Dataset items
━━━━━━
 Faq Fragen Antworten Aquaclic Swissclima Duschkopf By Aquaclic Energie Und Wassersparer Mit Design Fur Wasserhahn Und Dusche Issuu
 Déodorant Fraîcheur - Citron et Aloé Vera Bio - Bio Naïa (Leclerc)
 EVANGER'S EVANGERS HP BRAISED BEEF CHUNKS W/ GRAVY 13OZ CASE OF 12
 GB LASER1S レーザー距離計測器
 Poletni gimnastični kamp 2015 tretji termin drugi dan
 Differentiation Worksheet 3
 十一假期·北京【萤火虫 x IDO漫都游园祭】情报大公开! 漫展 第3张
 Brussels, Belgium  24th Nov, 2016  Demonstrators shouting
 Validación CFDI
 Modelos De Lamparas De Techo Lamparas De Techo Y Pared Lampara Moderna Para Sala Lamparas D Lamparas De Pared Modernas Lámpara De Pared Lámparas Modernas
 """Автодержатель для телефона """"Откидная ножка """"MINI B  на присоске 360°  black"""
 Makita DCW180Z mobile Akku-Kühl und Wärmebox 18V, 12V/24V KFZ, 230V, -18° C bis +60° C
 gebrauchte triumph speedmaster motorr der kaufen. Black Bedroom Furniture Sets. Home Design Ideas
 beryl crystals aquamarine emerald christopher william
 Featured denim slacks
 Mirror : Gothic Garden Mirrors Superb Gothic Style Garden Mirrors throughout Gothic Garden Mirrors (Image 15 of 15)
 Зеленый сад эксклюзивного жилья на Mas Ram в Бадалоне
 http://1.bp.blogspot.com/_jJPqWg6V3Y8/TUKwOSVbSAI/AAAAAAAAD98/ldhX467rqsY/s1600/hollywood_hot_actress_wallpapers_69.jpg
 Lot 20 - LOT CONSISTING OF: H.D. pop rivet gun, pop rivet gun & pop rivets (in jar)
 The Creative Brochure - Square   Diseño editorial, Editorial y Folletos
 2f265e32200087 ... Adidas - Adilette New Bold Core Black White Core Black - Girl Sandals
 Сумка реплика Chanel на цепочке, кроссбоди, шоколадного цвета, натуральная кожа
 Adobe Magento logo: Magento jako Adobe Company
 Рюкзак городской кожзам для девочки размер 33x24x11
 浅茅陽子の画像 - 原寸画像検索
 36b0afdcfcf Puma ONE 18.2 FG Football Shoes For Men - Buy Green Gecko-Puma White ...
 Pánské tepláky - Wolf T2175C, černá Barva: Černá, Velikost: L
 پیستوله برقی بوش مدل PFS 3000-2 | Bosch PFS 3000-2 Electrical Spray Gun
━━━━━━
Only the lines from the one containing "Poletni gimnastični kamp" to the end of the data should be printed, exactly as they stand.

- Output of the exercise
 Poletni gimnastični kamp 2015 tretji termin drugi dan
 Differentiation Worksheet 3
 十一假期·北京【萤火虫 x IDO漫都游园祭】情报大公开! 漫展 第3张
 Brussels, Belgium  24th Nov, 2016  Demonstrators shouting
 Validación CFDI
 Modelos De Lamparas De Techo Lamparas De Techo Y Pared Lampara Moderna Para Sala Lamparas D Lamparas De Pared Modernas Lámpara De Pared Lámparas Modernas
 """Автодержатель для телефона """"Откидная ножка """"MINI B  на присоске 360°  black"""
 Makita DCW180Z mobile Akku-Kühl und Wärmebox 18V, 12V/24V KFZ, 230V, -18° C bis +60° C
 gebrauchte triumph speedmaster motorr der kaufen. Black Bedroom Furniture Sets. Home Design Ideas
 beryl crystals aquamarine emerald christopher william
 Featured denim slacks
 Mirror : Gothic Garden Mirrors Superb Gothic Style Garden Mirrors throughout Gothic Garden Mirrors (Image 15 of 15)
 Зеленый сад эксклюзивного жилья на Mas Ram в Бадалоне
 http://1.bp.blogspot.com/_jJPqWg6V3Y8/TUKwOSVbSAI/AAAAAAAAD98/ldhX467rqsY/s1600/hollywood_hot_actress_wallpapers_69.jpg
 Lot 20 - LOT CONSISTING OF: H.D. pop rivet gun, pop rivet gun & pop rivets (in jar)
 The Creative Brochure - Square   Diseño editorial, Editorial y Folletos
 2f265e32200087 ... Adidas - Adilette New Bold Core Black White Core Black - Girl Sandals
 Сумка реплика Chanel на цепочке, кроссбоди, шоколадного цвета, натуральная кожа
 Adobe Magento logo: Magento jako Adobe Company
 Рюкзак городской кожзам для девочки размер 33x24x11
 浅茅陽子の画像 - 原寸画像検索
 36b0afdcfcf Puma ONE 18.2 FG Football Shoes For Men - Buy Green Gecko-Puma White ...
 Pánské tepláky - Wolf T2175C, černá Barva: Černá, Velikost: L
 پیستوله برقی بوش مدل PFS 3000-2 | Bosch PFS 3000-2 Electrical Spray Gun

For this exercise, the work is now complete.